They asked for it

Nothing out of bounds among media queries

January 30, 2008|Dan Shaughnessy, Globe Columnist

GLENDALE, Ariz. - Miss Nevada is standing next to me. She's raising her hand, trying to get Tom Brady's attention. I like her chances.

I am standing on the top step of the aluminum bleachers, approximately 30 feet away from Brady, who is answering questions posed by about 200 reporters. To my left, there's a guy decked out in some kind of Carnac the Magnificent costume. He is trying to shout over all the other reporters every time Brady finishes an answer.

Miss Nevada does not shout. She just stands there in her bare-midriff outfit, sash across her chest (that's how I deduced that she is Miss Nevada), hand raised, emerald-green eyes trained on Brady. I wonder if she is cold. But I do not wonder if she's going to get an opportunity to ask her question. Instincts and anecdotal evidence tell me that Brady is going to notice Miss Nevada in this sea of guys shaped like sacks of inner tubes.

Sure enough, the first time Brady's head rotates in our direction, he points to Miss Nevada.

"I was wondering," she starts. "Being Tom Brady, you must get proposed to a lot. How many marriage proposals do you get a year?"

"It just happened over here," says Brady. "Beautiful woman from Mexico." (She was wearing a wedding dress when she asked Tom to marry her, but he told her, "I'm a one-woman man.")

After a pause, Brady says, "How many marriage proposals?"
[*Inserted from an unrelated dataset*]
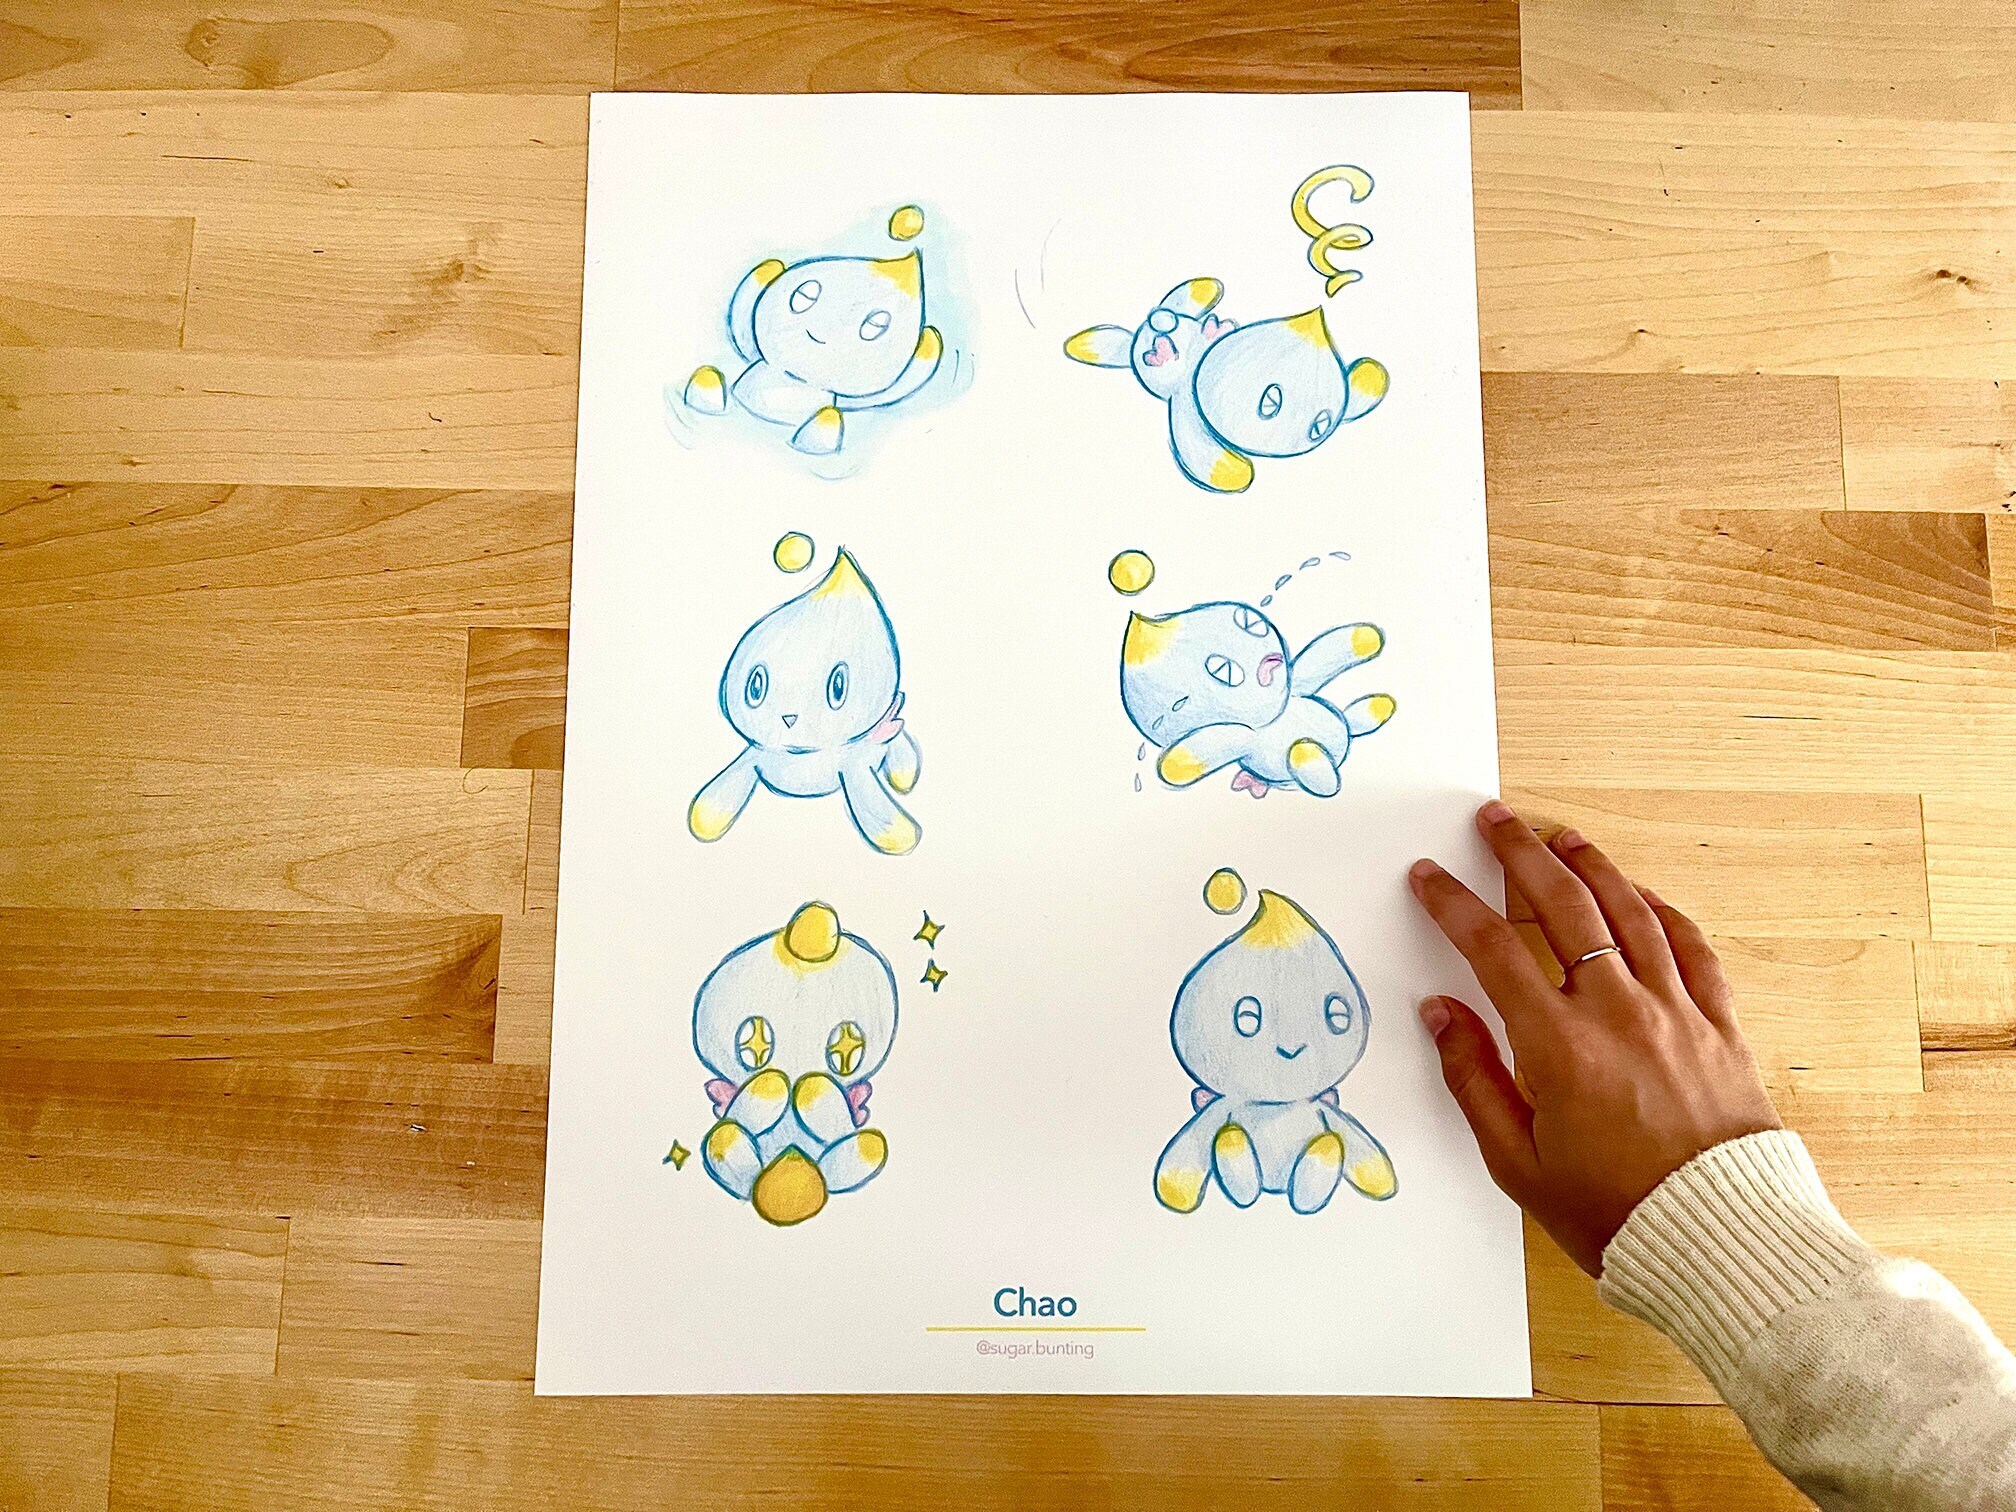 Sonic Channel Japan Official Artwork of the Chao in the Chao
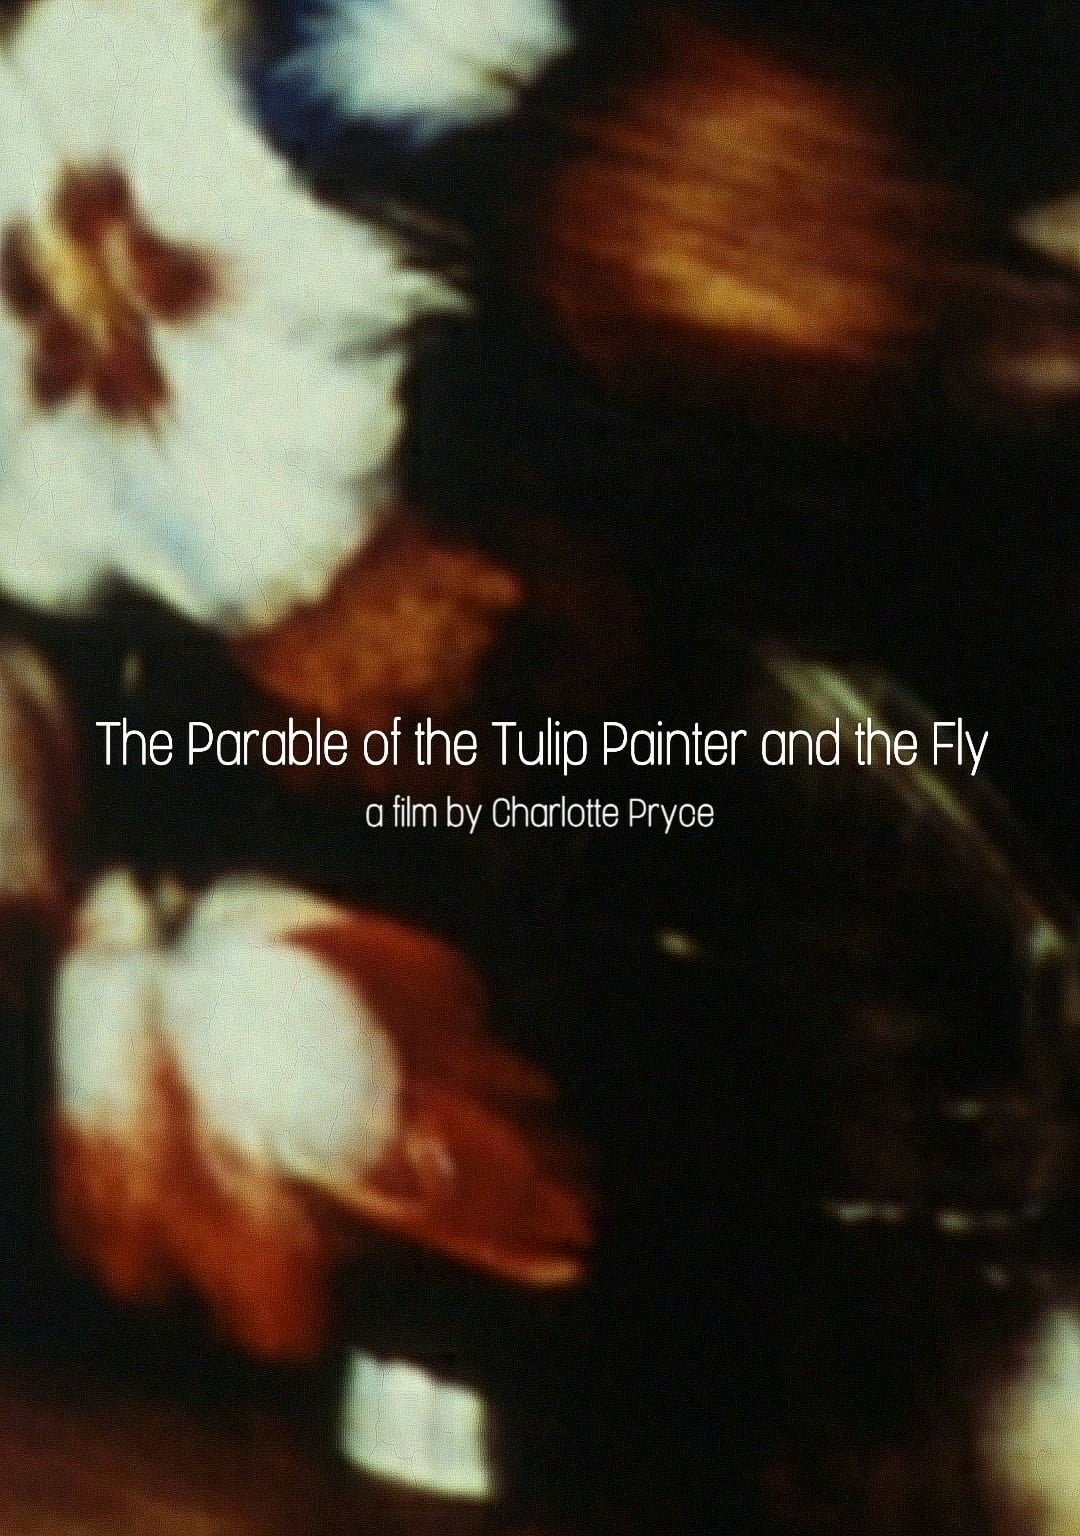 The Parable of the Tulip Painter and the Fly

"Per year," Miss Nevada says in her squeaky voice.

"Not too often," he says. "Not too often. That's in the future. But not this week. We're focusing on football this week."

Brady knows the drill. This is his fourth Media Day. Clowns to the left of him, jokers to the right. For one solid hour. It's part of the drill, and the Patriots know the drill very well.

There's a little kid asking questions for ESPN. There's a guy with a monkey hand puppet, asking questions in Spanish. There's nitwit Deion Sanders asking questions for the NFL Network. There's Medford's Maria Menounos, wearing a credential over her Tom Brady jersey.

Bill Belichick is wearing sandals (must have woken up and asked himself, "What would Jesus do?"). I wonder if he is cold.

Coach Hoodie answers the same tired questions patiently for the third day, and for the third day, it appears that he's going to skate without a single Spygate question.

Wrong. It won't be a clean getaway. About 45 minutes into Belichick's session, Bob Ford of the Philadelphia Inquirer asks, "Did you feel the franchise was treated unfairly by the league in relation to Spygate?"

"Next question," says Belichick.

Bob Kraft has his own station on Media Day. He's wearing his classic "Gatsby" shirt (blue with the white collar). Reluctantly, he takes on a Spygate question, about how it affected his relationship with Belichick.